* **Task requirements**:
Would you retype all of these records exactly?

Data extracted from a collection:

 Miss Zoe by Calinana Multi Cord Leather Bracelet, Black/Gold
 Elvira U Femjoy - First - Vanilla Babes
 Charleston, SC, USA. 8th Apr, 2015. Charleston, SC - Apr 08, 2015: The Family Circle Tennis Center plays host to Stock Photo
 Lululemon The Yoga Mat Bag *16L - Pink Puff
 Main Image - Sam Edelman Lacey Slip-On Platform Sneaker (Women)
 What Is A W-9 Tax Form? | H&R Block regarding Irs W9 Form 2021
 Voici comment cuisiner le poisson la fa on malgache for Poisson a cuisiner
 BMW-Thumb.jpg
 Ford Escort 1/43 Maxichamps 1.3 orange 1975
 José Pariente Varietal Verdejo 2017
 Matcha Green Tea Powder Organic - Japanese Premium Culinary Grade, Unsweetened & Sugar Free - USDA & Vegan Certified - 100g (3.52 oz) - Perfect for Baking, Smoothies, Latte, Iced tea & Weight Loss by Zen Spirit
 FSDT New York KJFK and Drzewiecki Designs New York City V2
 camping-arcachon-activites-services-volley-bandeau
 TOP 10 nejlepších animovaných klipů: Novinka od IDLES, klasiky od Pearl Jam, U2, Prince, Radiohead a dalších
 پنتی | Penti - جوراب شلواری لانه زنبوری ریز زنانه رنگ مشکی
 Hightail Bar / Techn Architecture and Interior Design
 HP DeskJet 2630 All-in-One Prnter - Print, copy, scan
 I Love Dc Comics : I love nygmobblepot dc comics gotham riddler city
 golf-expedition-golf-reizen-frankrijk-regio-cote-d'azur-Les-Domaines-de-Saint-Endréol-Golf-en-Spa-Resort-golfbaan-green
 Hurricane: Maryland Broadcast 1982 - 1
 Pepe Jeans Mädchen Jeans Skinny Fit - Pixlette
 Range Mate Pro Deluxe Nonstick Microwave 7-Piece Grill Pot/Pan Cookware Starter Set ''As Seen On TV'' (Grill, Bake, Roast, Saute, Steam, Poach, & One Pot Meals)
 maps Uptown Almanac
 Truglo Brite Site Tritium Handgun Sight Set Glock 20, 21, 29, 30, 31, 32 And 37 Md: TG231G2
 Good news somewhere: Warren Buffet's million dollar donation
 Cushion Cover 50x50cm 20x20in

* **Solved exercise**:
 Miss Zoe by Calinana Multi Cord Leather Bracelet, Black/Gold
 Elvira U Femjoy - First - Vanilla Babes
 Charleston, SC, USA. 8th Apr, 2015. Charleston, SC - Apr 08, 2015: The Family Circle Tennis Center plays host to Stock Photo
 Lululemon The Yoga Mat Bag *16L - Pink Puff
 Main Image - Sam Edelman Lacey Slip-On Platform Sneaker (Women)
 What Is A W-9 Tax Form? | H&R Block regarding Irs W9 Form 2021
 Voici comment cuisiner le poisson la fa on malgache for Poisson a cuisiner
 BMW-Thumb.jpg
 Ford Escort 1/43 Maxichamps 1.3 orange 1975
 José Pariente Varietal Verdejo 2017
 Matcha Green Tea Powder Organic - Japanese Premium Culinary Grade, Unsweetened & Sugar Free - USDA & Vegan Certified - 100g (3.52 oz) - Perfect for Baking, Smoothies, Latte, Iced tea & Weight Loss by Zen Spirit
 FSDT New York KJFK and Drzewiecki Designs New York City V2
 camping-arcachon-activites-services-volley-bandeau
 TOP 10 nejlepších animovaných klipů: Novinka od IDLES, klasiky od Pearl Jam, U2, Prince, Radiohead a dalších
 پنتی | Penti - جوراب شلواری لانه زنبوری ریز زنانه رنگ مشکی
 Hightail Bar / Techn Architecture and Interior Design
 HP DeskJet 2630 All-in-One Prnter - Print, copy, scan
 I Love Dc Comics : I love nygmobblepot dc comics gotham riddler city
 golf-expedition-golf-reizen-frankrijk-regio-cote-d'azur-Les-Domaines-de-Saint-Endréol-Golf-en-Spa-Resort-golfbaan-green
 Hurricane: Maryland Broadcast 1982 - 1
 Pepe Jeans Mädchen Jeans Skinny Fit - Pixlette
 Range Mate Pro Deluxe Nonstick Microwave 7-Piece Grill Pot/Pan Cookware Starter Set ''As Seen On TV'' (Grill, Bake, Roast, Saute, Steam, Poach, & One Pot Meals)
 maps Uptown Almanac
 Truglo Brite Site Tritium Handgun Sight Set Glock 20, 21, 29, 30, 31, 32 And 37 Md: TG231G2
 Good news somewhere: Warren Buffet's million dollar donation
 Cushion Cover 50x50cm 20x20in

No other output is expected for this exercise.